VI COMANDO DI AMARE
VI Domenica di Pasqua:
Atti 10, 2548;
1Gv 4, 7-10;
Gv 15, 9-17
“Come il Padre ha amato me, anch’io ho amato voi”. La nostra presenza alla celebrazione
Eucaristica domenicale e prima ancora la nostra fede, più che una scelta nostra è il segno di
quell’amore di Dio che ci ha scelti e ci ha chiamati ad essere nel mondo testimoni della sua
presenza. “Non voi avete scelto me, ma io ho scelto voi e vi ho costituiti perché andiate e portiate
frutto” E’ la risposta generosa a questa chiamata che costituisce per noi motivo di salvezza.
Una storia d’amore che comincia dal cielo
C’è una storia d’amore che si riassume nelle frasi che aprono e chiudono il Vangelo di oggi: “Come
il Padre ha amato me, così anch’io ho amato voi. Rimanete nel mio amore…questo vi comando:
amatevi gli uni gli altri” C’è l’amore del Padre per il Figlio, quello del Figlio per i discepoli, quello
dei discepoli per i fratelli. Ora, questa realtà va considerata nel suo complesso, senza riduzioni
indebite. Può venir da dire, ad esempio, che l’essenziale è l’amore fraterno; e l’affermazione ha una
sua validità perché san Paolo scrive che l’amore del prossimo è pieno compimento della legge (cf
Rm 13, 8-10).
Tuttavia non si può avere una vera comprensione dell’amore del prossimo senza inserirlo nel
contesto più ampio dell’amore di Dio: è l’amore del Padre che mette in moto il dinamismo efficace
e ampio che tende a raggiungere tutti gli uomini. Come la sorgente sta all’origine del fiume, e come
la scintilla sta all’origine del fuoco. Comprendere questo mistero significa capire tutto il mistero
pasquale che di domenica in domenica stiamo celebrando: è l’amore del Padre la sorgiva da cui
scaturisce la nostra salvezza in Cristo Gesù , operante oggi nella Chiesa e che
scorrerà come fiumi di acqua viva nella Gerusalemme celeste.
Prima di tutto lasciarsi amare
L’amore, dunque, scaturisce dal cuore del Padre, si rivolge innanzitutto al Figlio e da lui
raggiunge i discepoli: “Come il Padre ha amato me, anch’io ho amato voi”. E’ necessario notare
che il termine come indica in questo caso non solo somiglianza ma una vera causalità. Gesù ama i
suoi discepoli con un amore simile a quello che riceve dal Padre. Di più, li ama perché è stato amato
per primo dal Padre. Ancora: quando Gesù dilata l’amore aprendolo ai suoi discepoli, solo allora
egli rimane nell’amore del Padre; solo allora permette all’amore del Padre di scorrere come fiume
che semina vita e fecondità facendoci famiglia di Dio dove davvero ci si può amare come fratelli.
Infatti poi la stessa struttura si ripete a livello dei discepoli. Sono amati da Gesù con un
amore senza riserve e senza limiti. Infatti “nessuno ha un amore più grande di questo: donare la
vita per i propri amici” La pasqua di Gesù è il segno più evidente della serietà del suo amore.

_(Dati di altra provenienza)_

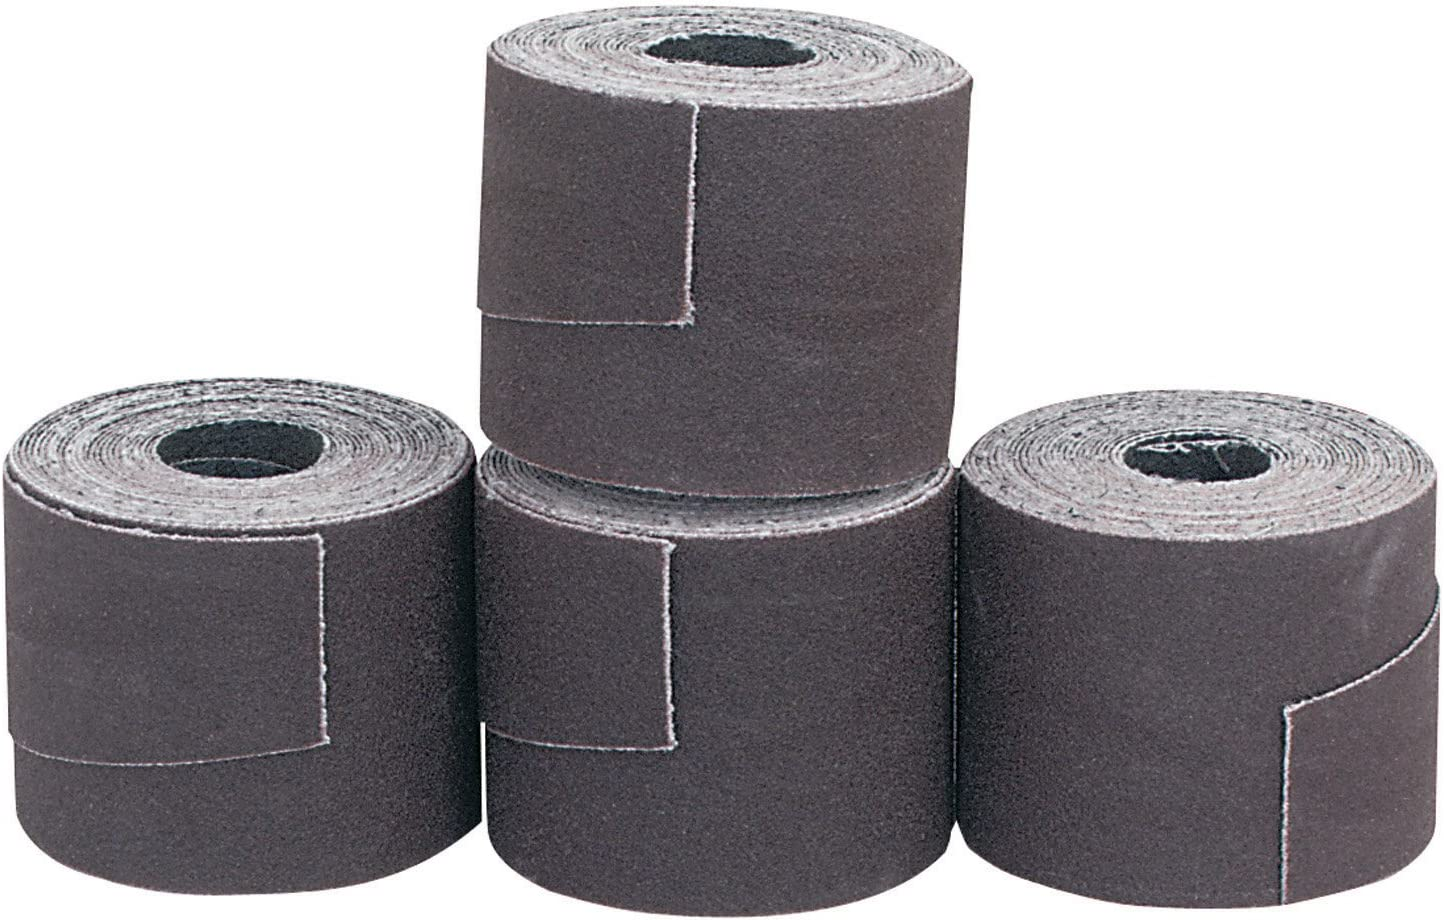 DELTA 31-817 80 Grit Pre-Cut Sanding Strips for Models 31-250, 31-255 Wide Drum Sanders

Si tratta certo prima di tutto di lasciarsi amare, di rimanere nell’amore che riceviamo da Dio.
Ma lasciarsi amare significa lasciarsi trasformare dall’amore che si riceve, lasciarsi coinvolgere
nella sua logica. “In questo si è manifestato l’amore di Dio per noi: Dio ha mandato il suo
Unigenito Figlio nel mondo, perché noi avessimo la vita per lui”.
Il discepolo come il Maestro
Ci è comandato di amare come Gesù ha amato. E sappiamo che il comandamento suo non è
arbitrario: lui per primo ci dà l’esempio di una vita spesa nell’amore. Gesù ha lavorato, sofferto,
gioito, aiutato le persone, insegnato trasformando tutta la vita concreta in gesti di amore. Il comando
consiste solo nel dare noi stessi imitando la vita di Gesù nella nostra vita. Possiamo allora
comprendere le parole di Giovanni nella sua prima Lettera: “Carissimi, amiamoci gli uni gli altri,
perché l’amore è da Dio: chiunque ama è generato da Dio e conosce Dio. Chi non ama non ha
conosciuto Dio perché Dio è amore”. Si noti come il verbo amare è usato in assoluto: Chiunque
ama… Ama chi?...ama come me? Non viene detto: c’è un’unica forma di amore che sia degna di
questo termine viene da Dio e ha la forma del dono che desidera arricchire l’altro.